First warming, then cooling. Goes to show that no one knows what is gong to happen a few years out. Stock up on wood, just in case this guy's right.


----------



## ScotO (Aug 9, 2013)

NortheastAl said:


> First warming, then cooling. Goes to show that no one knows what is gong to happen a few years out. Stock up on wood, just in case this guy's right.


Any excuse to hoard more firewood is fine by me!!  Bring on the cold!!


----------



## Woody Stover (Aug 9, 2013)

NortheastAl said:


> First warming, then cooling. Goes to show that no one knows what is gong to happen a few years out.


Part of the warming scenario is that warming and melting of the ice caps causes more evaporation of ocean water, hence more moisture in the air which produces more snow. They have a long way to go before they really start to understand what's happening; There are a lot of influences at play; It's very complex. They mention solar activity, for example. There is warming on other planet as well, and they aren't burning oil there as far as I know. 


Scotty Overkill said:


> Any excuse to hoard more firewood is fine by me!! Bring on the cold!!


I was in total agreement until the 'Bring on the cold' part. I hate wearing long pants!


----------



## begreen (Aug 9, 2013)

CTFIRE said:


> Saw this article
> 
> http://www.climatedepot.com/2013/08...-agemuch-colder-wintersdramatic-consequences/


 
Tried hard, but I couldn't find the source article on the referred newspaper's website (http://jyllands-posten.dk/). A google search for "lille istid" did not turn it up either. Couldn't find the author on the company website either. Considering it is translated from Danish, hard to say much about it. It may be wrong or it may be right. There are lots of predictions for this. Ask me in 20 years if they are true.

Climate depot is funded by CFACT, largest donor Exxon Mobil and the uber conservative Carthage Foundation. Not that that would have any influence here.


----------



## Backwoods Savage (Aug 9, 2013)

Nothing new here. During most of the 70's they were forecasting a second coming of the ice age. Then that year when Lake Superior froze completely for the first time really nailed it. However, since the 80's most of MI has seen warmer and less snow in winter, much the same as other places. I also recall back in the late 40's and early 50's the prediction was that by the year 2000 we'd need only sweaters during the winter months. Of course, at the time we were going through some very mild conditions with very little snow....


----------



## Woody Stover (Aug 9, 2013)

begreen said:


> Climate depot is funded by CFACT, largest donor Exxon Mobil and the uber conservative Carthage Foundation. Not that that would have any influence here.


 
Hard to believe they have still got us driving around in 100-year-old, oil-burning technology....wait, no, not that hard to believe.


----------



## jharkin (Aug 10, 2013)

Climate depot is about as fact driven as conservopedia and the weekly world news.   Zzzzzzzzz....  Zzzzzzzz.....


----------



## NortheastAl (Aug 10, 2013)

Woody Stover said:


> Hard to believe they have still got us driving around in 100-year-old, oil-burning technology....wait, no, not that hard to believe.
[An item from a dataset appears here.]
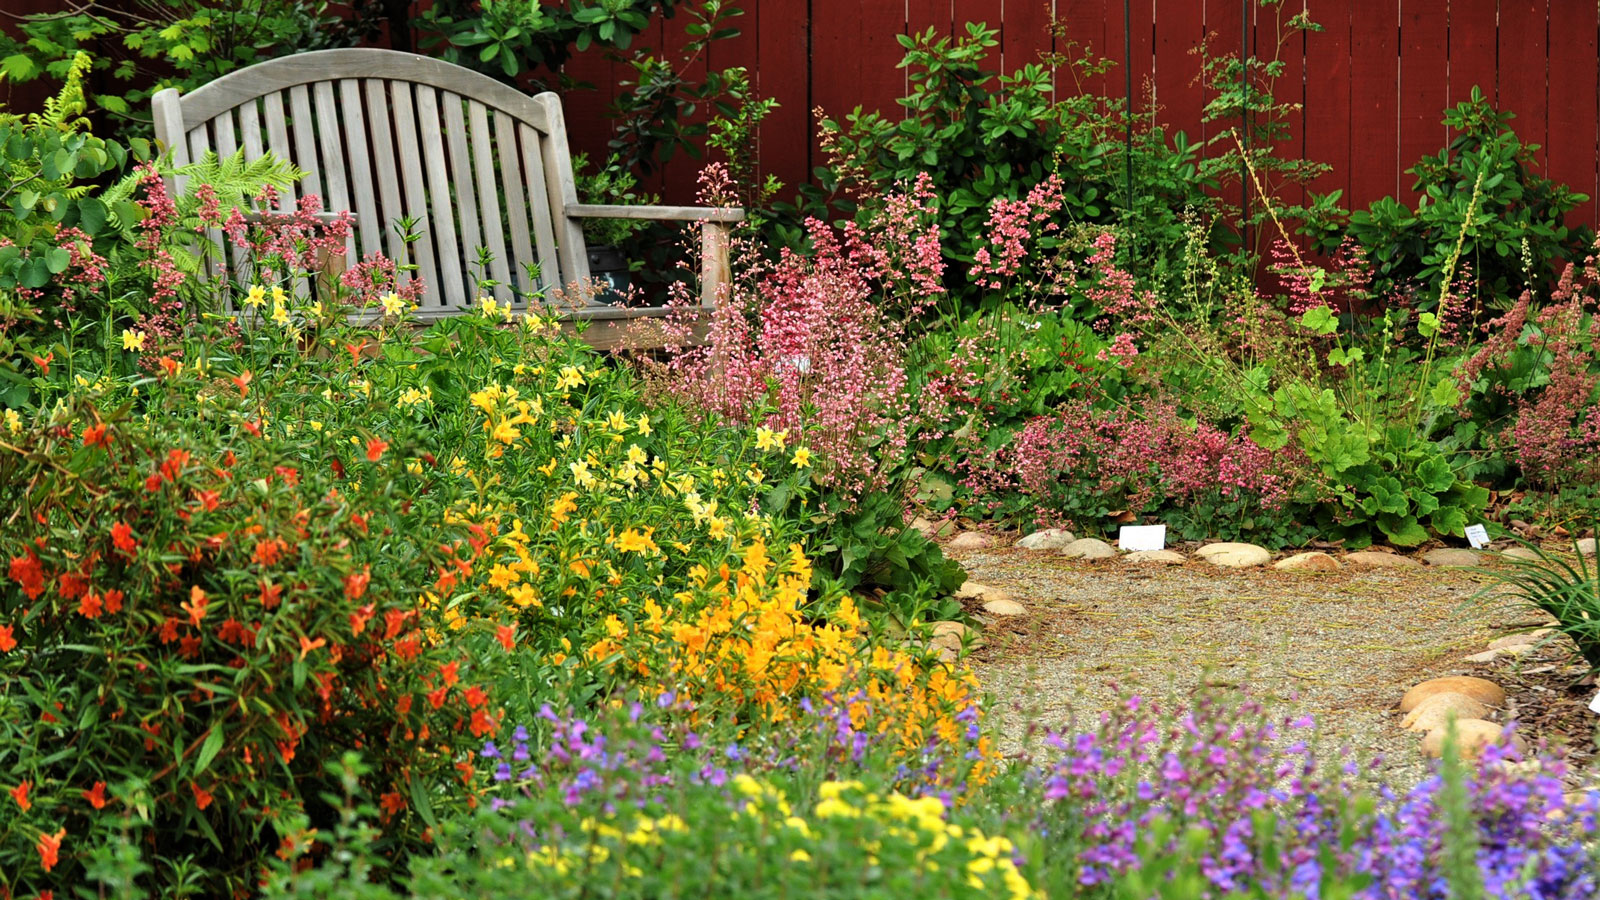 Guide to planting a pollinator-friendly garden - Environment America
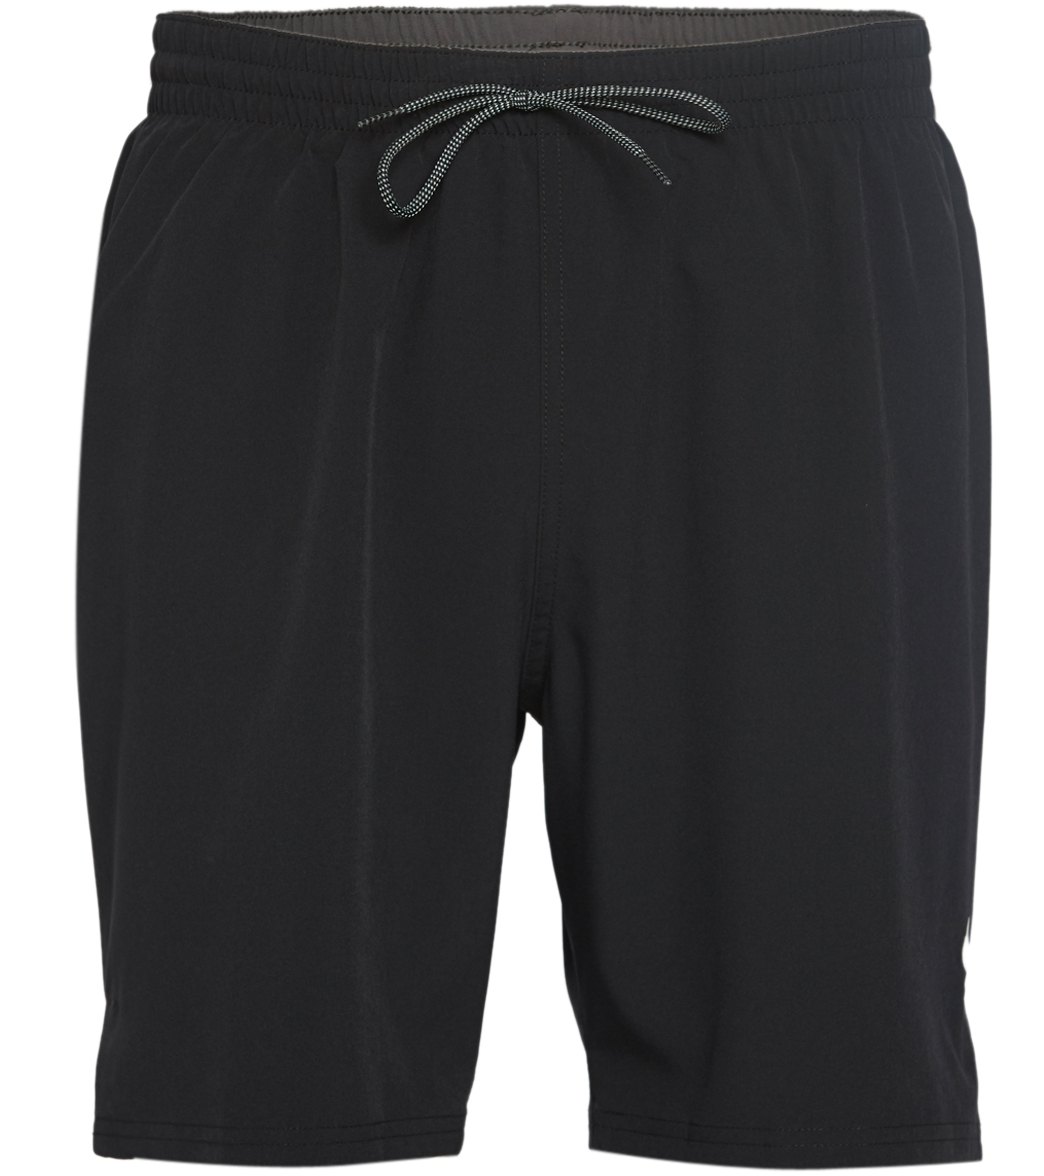 Nike Men's 18 Essential Vital Volley Short - Black Large Polyester - Swimoutlet.com

And, we're still burnin' wood. Sheesh! What'll be next...coal? LOL.


----------



## Doug MacIVER (Aug 10, 2013)

jharkin said:


> Climate depot is about as fact driven as conservopedia and the weekly world news. Zzzzzzzzz.... Zzzzzzzz.....


 
agreed, I sleep better when it's cold


----------



## Woody Stover (Aug 10, 2013)

NortheastAl said:


> And, we're still burnin' wood. Sheesh! What'll be next...coal? LOL.


Bah. We should have free energy by now.


----------



## NortheastAl (Aug 10, 2013)

Woody Stover said:


> Bah. We should have free energy by now.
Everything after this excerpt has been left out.